The student will have the opportunity to work closely with research engineers from the start-up company Nemisindo, though will also have the freedom to take the work in promising new directions. Publishing research in premier venues will be encouraged.
The project can be tailored to the skills of the researcher, and has the potential for high impact.
Intelligent audio production for the hearing impaired
Supervisor: Josh Reiss
Eligible funding schemes: S&E Studentships for Underrepresented Groups, International PhD Funding Scheme
This project will explore new approaches to audio production to address hearing loss, a growing concern with an aging population. The overall goal is to investigate, implement and validate original strategies for mixing audio content such that it can be delivered with improved perceptual quality for hearing impaired people.

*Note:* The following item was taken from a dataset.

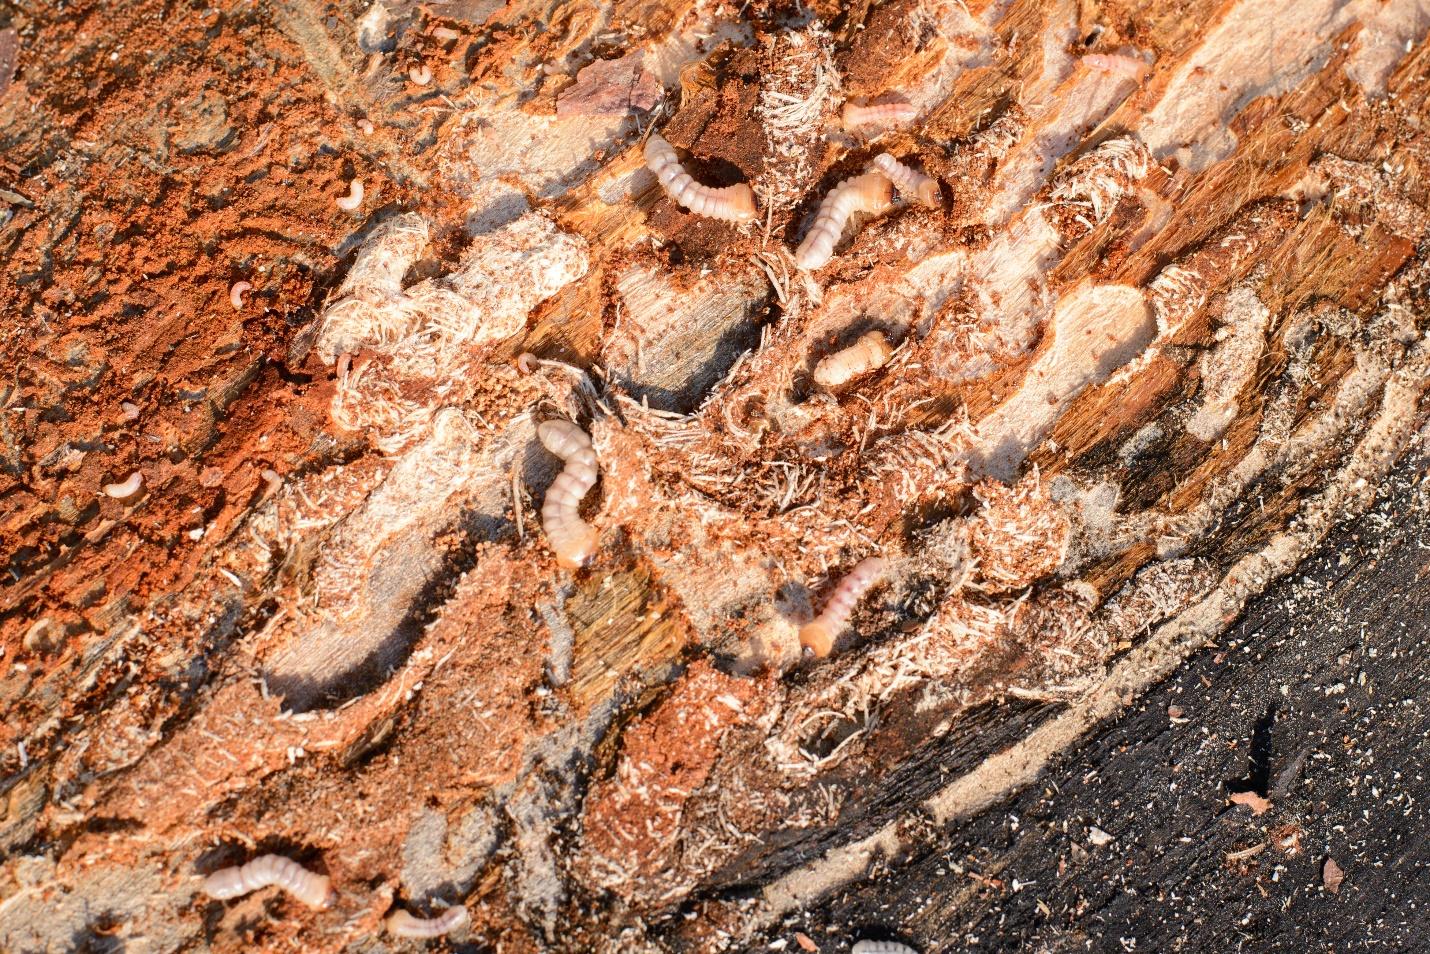 Wist Je Dat Ook Schepen Last Hebben Van Houtwormen?

Music content is typically recorded as multitracks, with different sound sources on different tracks. Similarly, soundtracks for television and radio content typically have dialogue, sound effects and music mixed together with normal-hearing listeners in mind. But a hearing impairment may result in this final mix sounding muddy and cluttered. The research team here have made strong advances on simulating hearing loss, understanding how to mix for hearing loss, and attempting to automatically deliver enhanced mixes for hearing loss. But these initial steps identified many unresolved issues and challenges. Why do hearing loss simulators differ from real world hearing loss, and how can this be corrected? How should hearing loss simulators be evaluated and how should they be used in the music production process? What is the best approach to mix audio content to address hearing loss? These questions will be investigated in this project.
The project can be tailored to the skills of the researcher, and has the potential for high impact.